Bukan hanya di Palestina, tapi juga di Suriah, Yaman, Uighur, Rohingya, dan wilayah lainnya—derita umat Islam terus berlangsung. Di sisi lain, umat mengalami keterpurukan di bidang ekonomi, pendidikan, politik, dan budaya. Sumber daya alam dikeruk asing, sistem pendidikan sekuler menghasilkan generasi apatis, dan media massa dipenuhi nilai-nilai hedonistik yang menjauhkan umat dari Islam.
Semua ini bukan tanpa sebab. Allah SWT telah memperingatkan dengan jelas dalam QS Thaha ayat 124:
“Barangsiapa berpaling dari peringatan-Ku, maka sungguh, ia akan menjalani kehidupan yang sempit...”
Umat Islam hari ini hidup dalam keterpurukan karena meninggalkan hukum Allah. Kita lebih percaya pada sistem buatan manusia dibandingkan syariat Allah. Akibatnya, kita kehilangan identitas, kemuliaan, dan keberkahan.
Saatnya Kembali ke Aturan Allah secara Kaffah
Untuk bisa bangkit dari keterpurukan ini, tidak ada jalan lain kecuali kembali sepenuhnya kepada aturan Allah.

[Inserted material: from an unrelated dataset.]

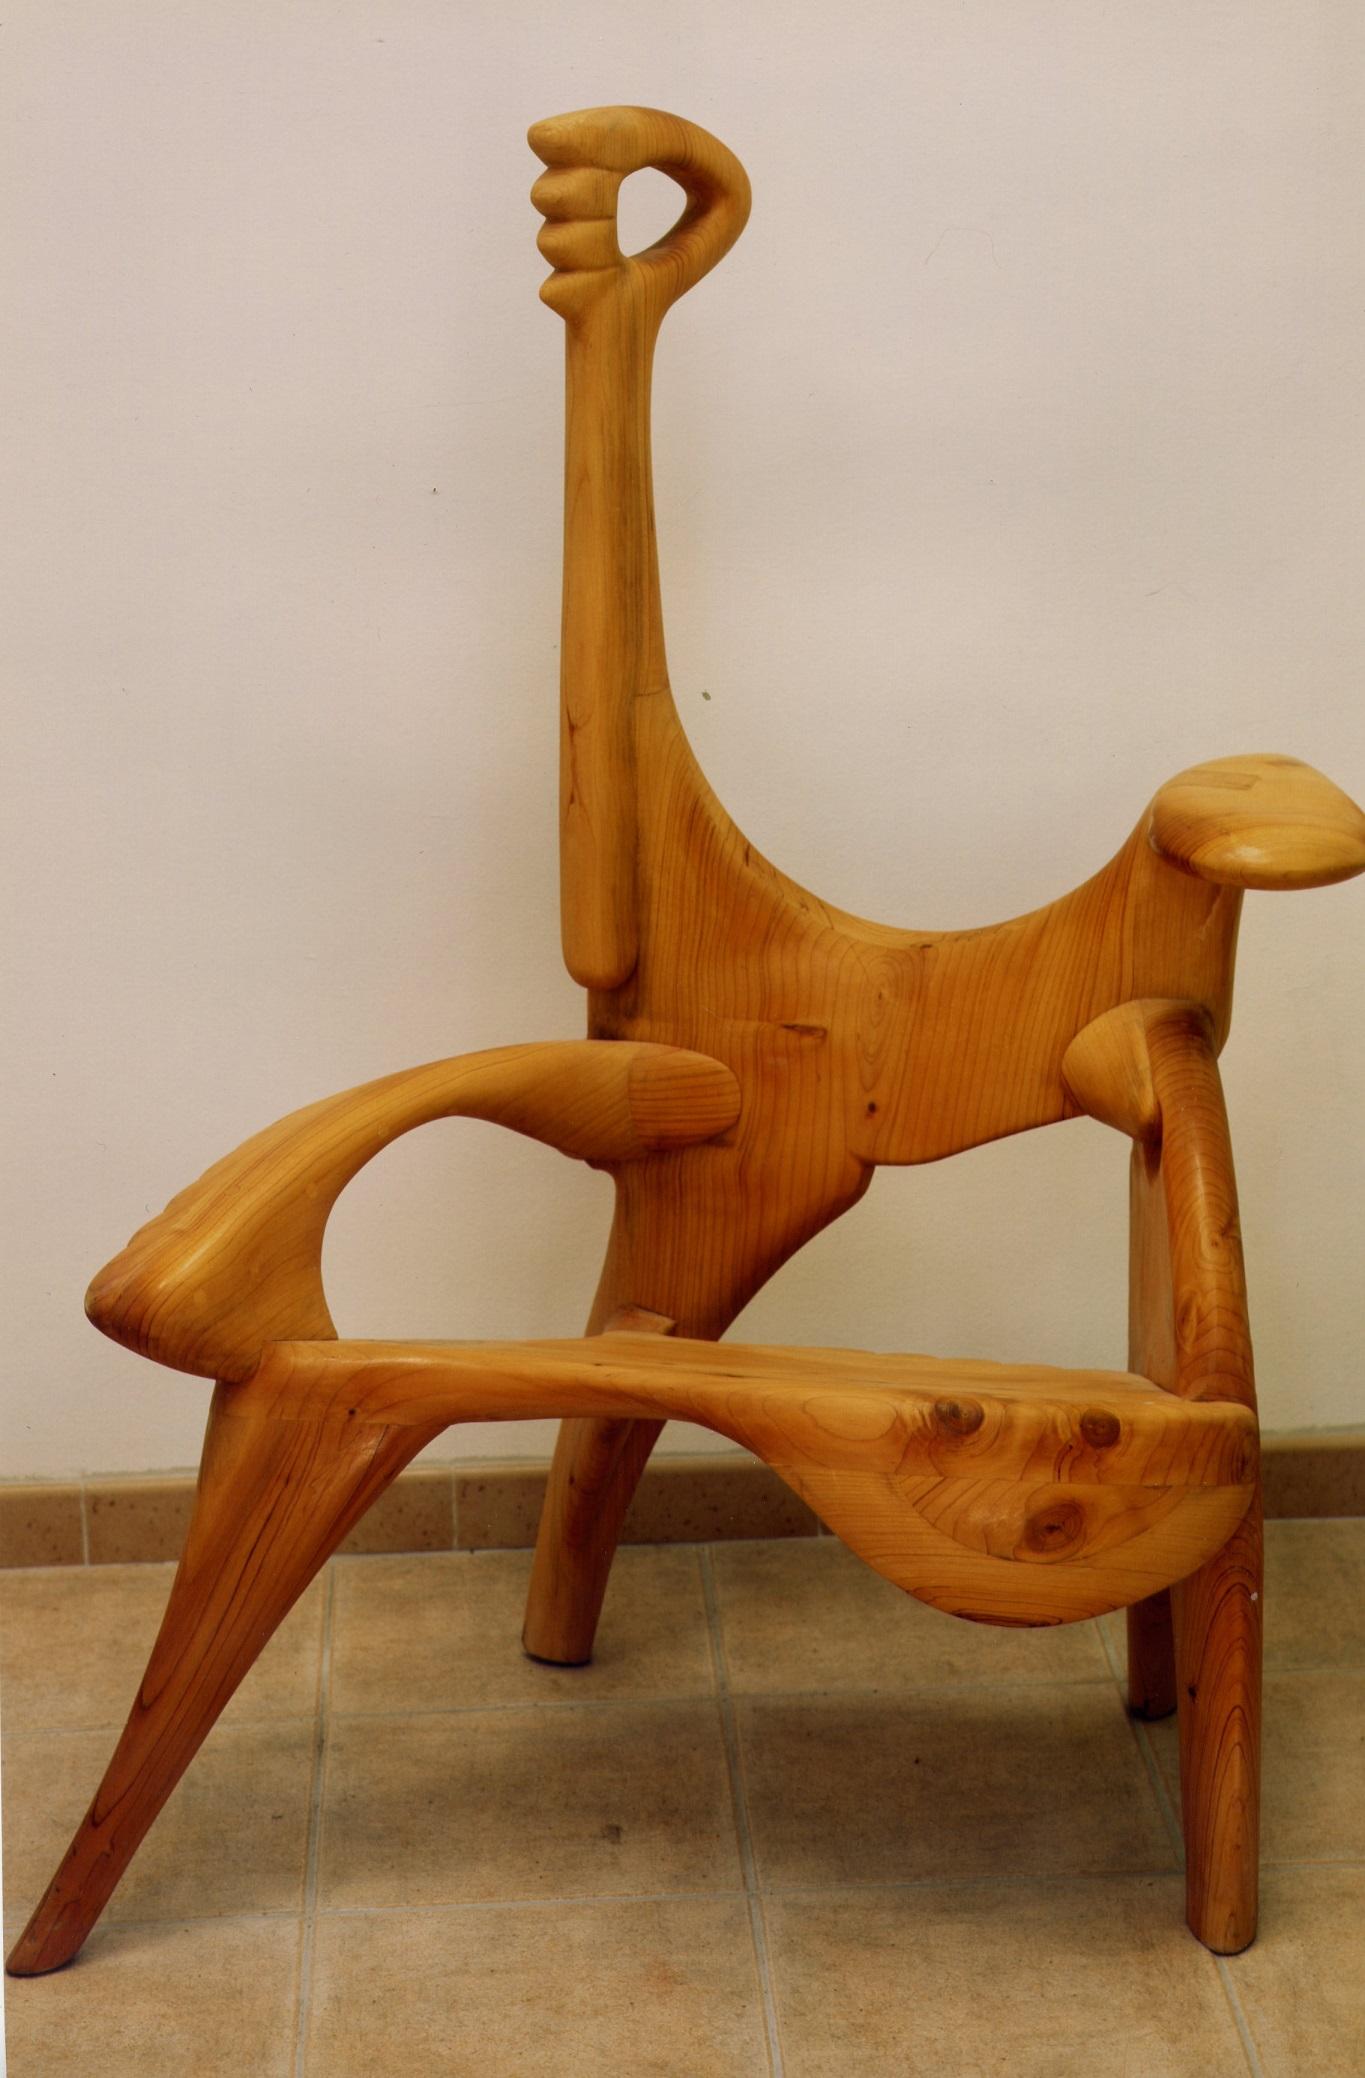 chaise cedre du liban 1995 carrarre

Bukan hanya dalam ibadah, tetapi juga dalam seluruh aspek kehidupan: politik, hukum, ekonomi, sosial, pendidikan, dan budaya. Islam adalah sistem hidup yang paripurna.
Di sinilah pentingnya keberadaan Khilafah—institusi pemerintahan Islam yang pernah menaungi umat selama lebih dari 13 abad. Khilafah bukan sekadar bentuk pemerintahan, tetapi institusi pelaksana hukum Allah dan pelindung umat dari musuh-musuhnya. Rasulullah ﷺ menyebut pemimpin dalam Islam sebagai “junnah” (perisai) yang menjadi benteng pelindung bagi umat.

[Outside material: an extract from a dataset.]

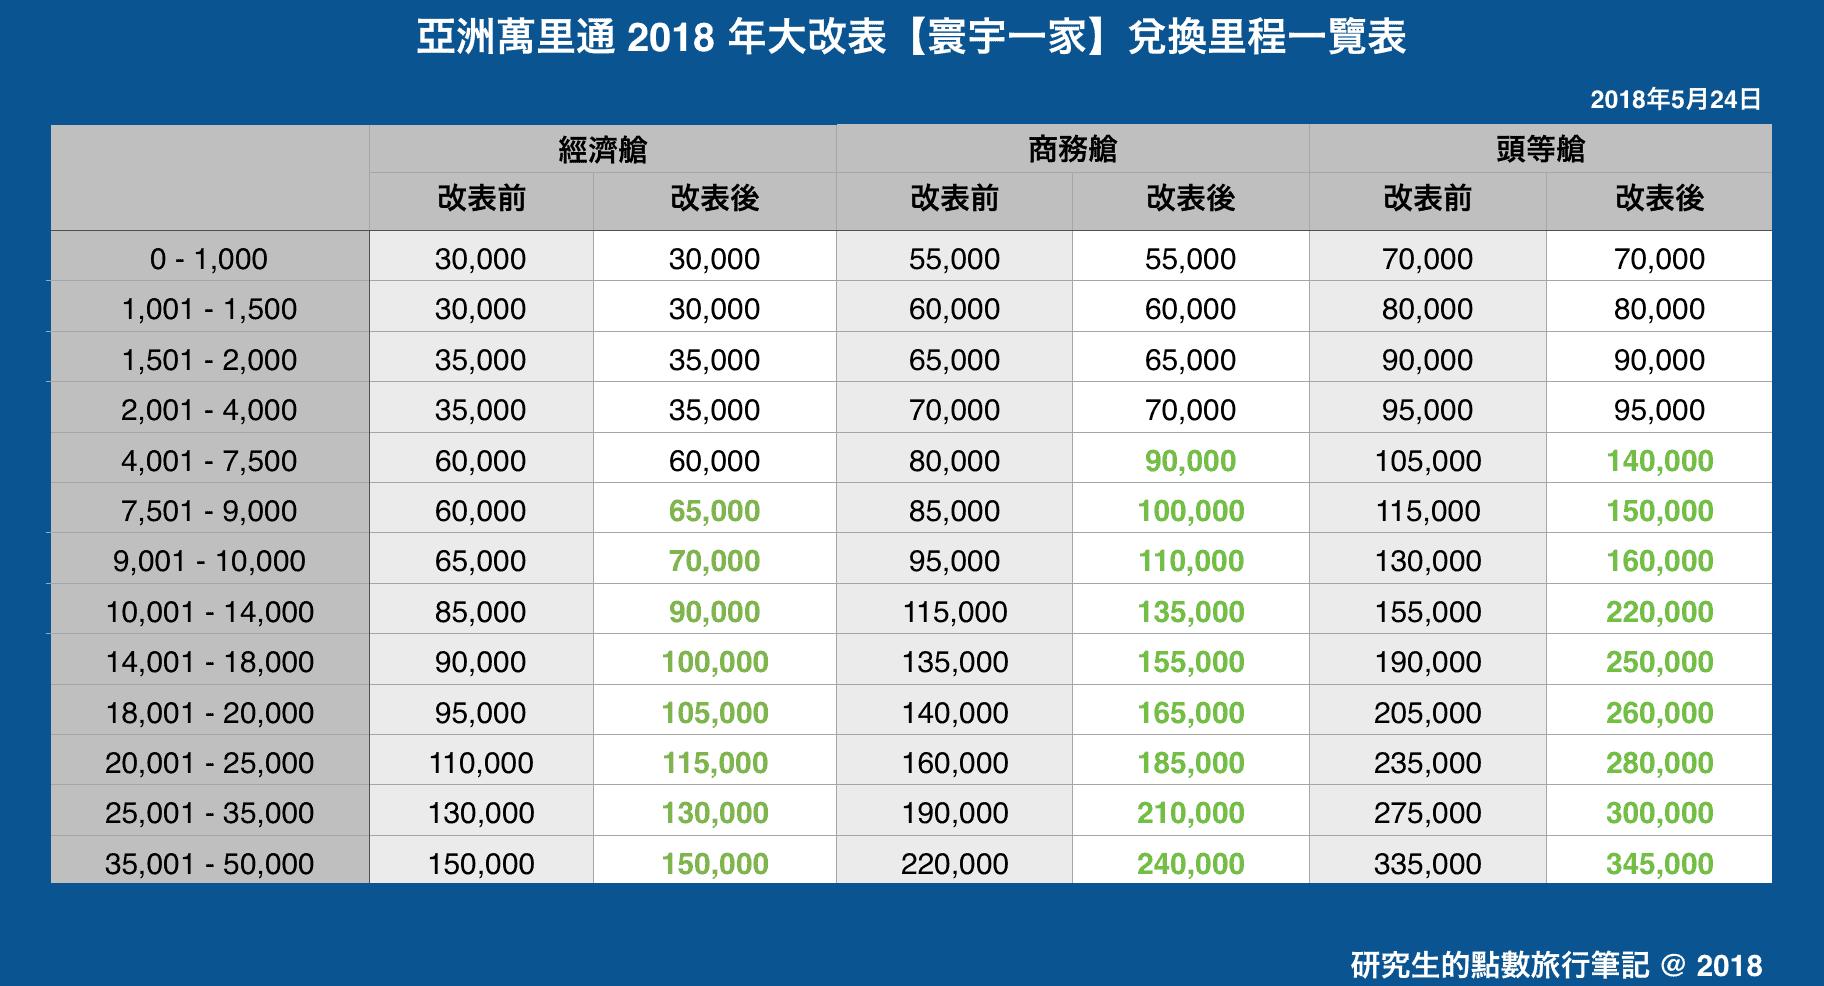 亞洲萬里通 2018 年大改表【寰宇一家】兌換里程一覽表

Tanpa Khilafah, umat Islam akan terus tercerai-berai, tidak memiliki kekuatan untuk melawan penjajahan, dan tidak mampu menerapkan Islam secara menyeluruh. Maka, menyadarkan umat akan pentingnya Khilafah adalah bagian dari dakwah yang sangat mendesak hari ini.
Dibutuhkan Jamaah Dakwah yang Istiqamah
Perubahan besar ini tentu tidak bisa dilakukan secara individual. Dibutuhkan jamaah dakwah—kelompok yang konsisten, ideologis, dan bersih niatnya dalam membina umat. Jamaah ini harus mampu menyampaikan dakwah yang mencerahkan, membongkar kebatilan sistem hari ini, dan membimbing umat menuju perubahan yang hakiki.

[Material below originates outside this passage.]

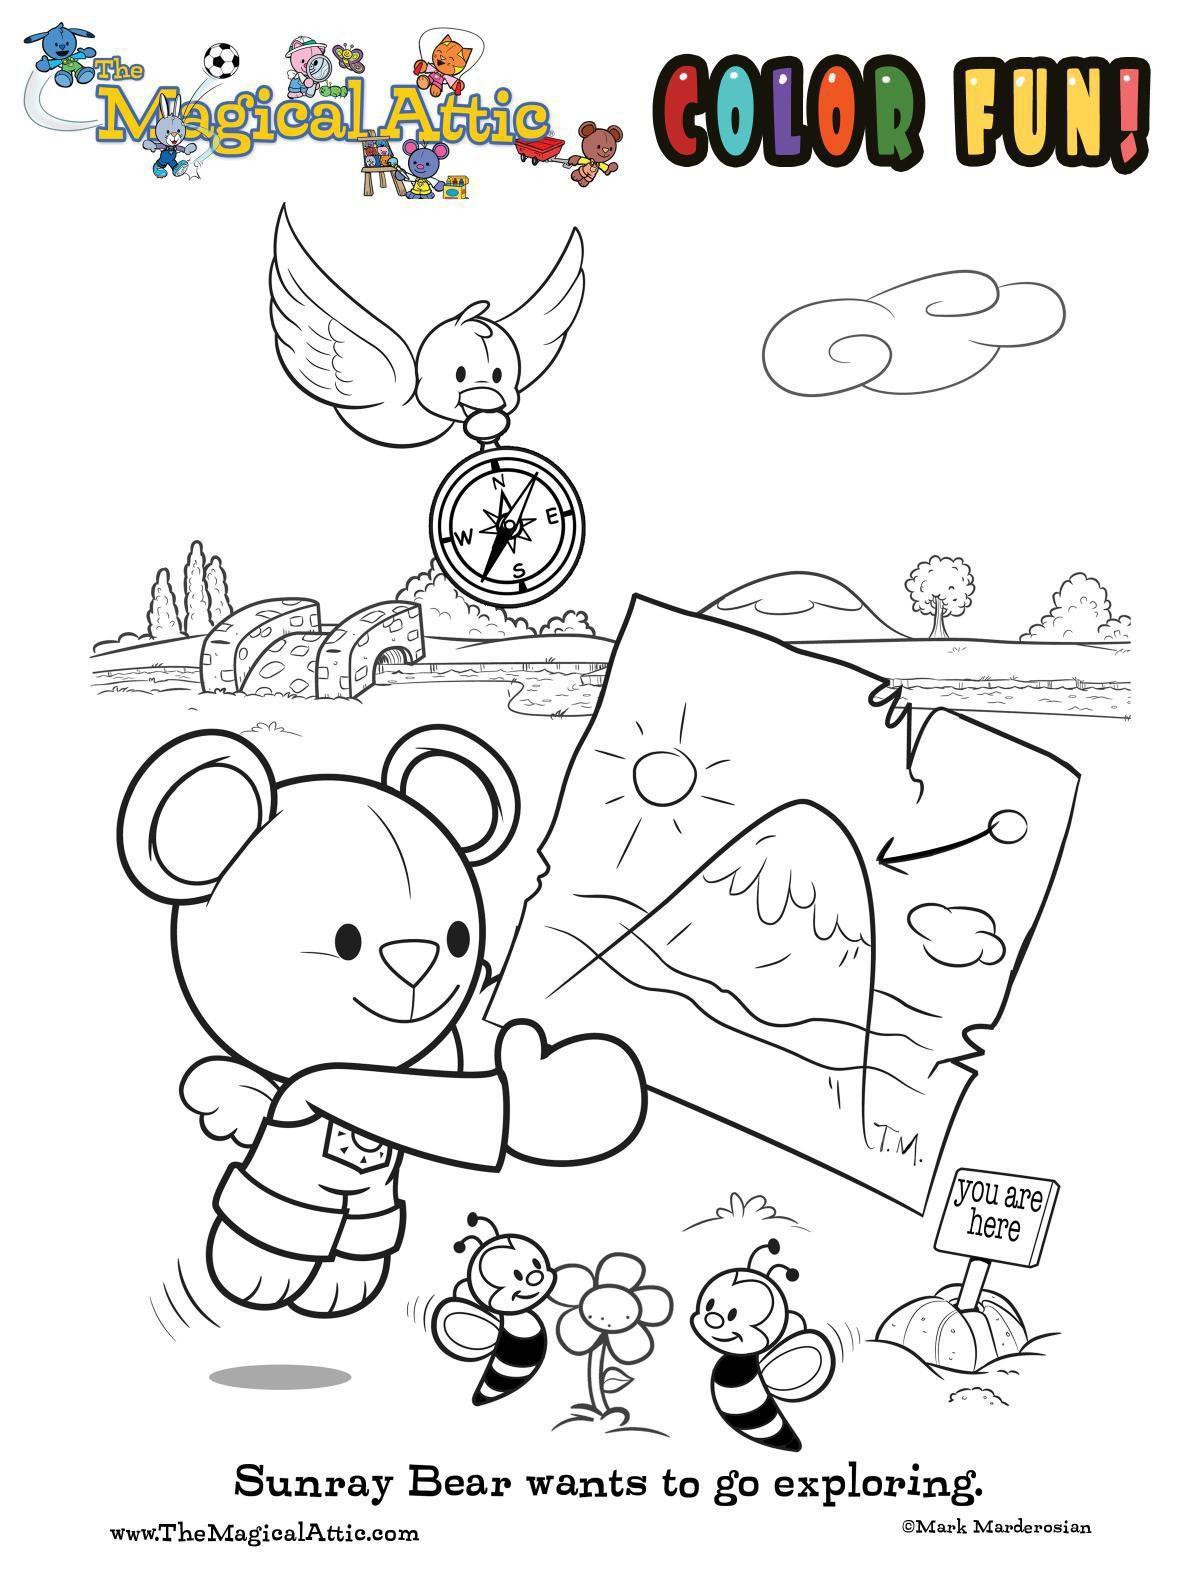 Coloring fun with Sunrar Bear

Jamaah dakwah bukan hanya sekadar komunitas, tetapi harus memiliki visi perubahan peradaban. Merekalah yang menanamkan kesadaran ideologis, membangun kepercayaan diri umat, dan menyatukan barisan menuju tegaknya Islam kaffah di bawah naungan Khilafah ‘ala minhajin nubuwwah.
Penutup: Menjadi Bagian dari Perubahan
Tahun Baru Hijriah tidak seharusnya hanya diperingati dengan seremoni, pawai obor, atau tausiyah singkat. Ia adalah alarm peradaban, yang mengajak kita merenungi kembali jati diri sebagai Muslim dan memperbarui komitmen untuk menjadi bagian dari kebangkitan umat.
Umat Islam tidak boleh terus menjadi penonton dari penderitaan yang terjadi. Kita harus menjadi bagian dari solusi. Saatnya kita bergerak, menyadari bahwa kemuliaan hanya bisa diraih dengan kembali kepada Islam secara menyeluruh, bukan setengah-setengah.
Mari kita sambut Tahun Baru 1447 Hijriah dengan semangat hijrah yang sejati—hijrah dari keterpurukan menuju kemuliaan, dari sistem kufur menuju sistem Islam, dari diam menjadi aktif berjuang. Karena hanya dengan itulah kita bisa benar-benar mewujudkan kebangkitan umat yang hakiki.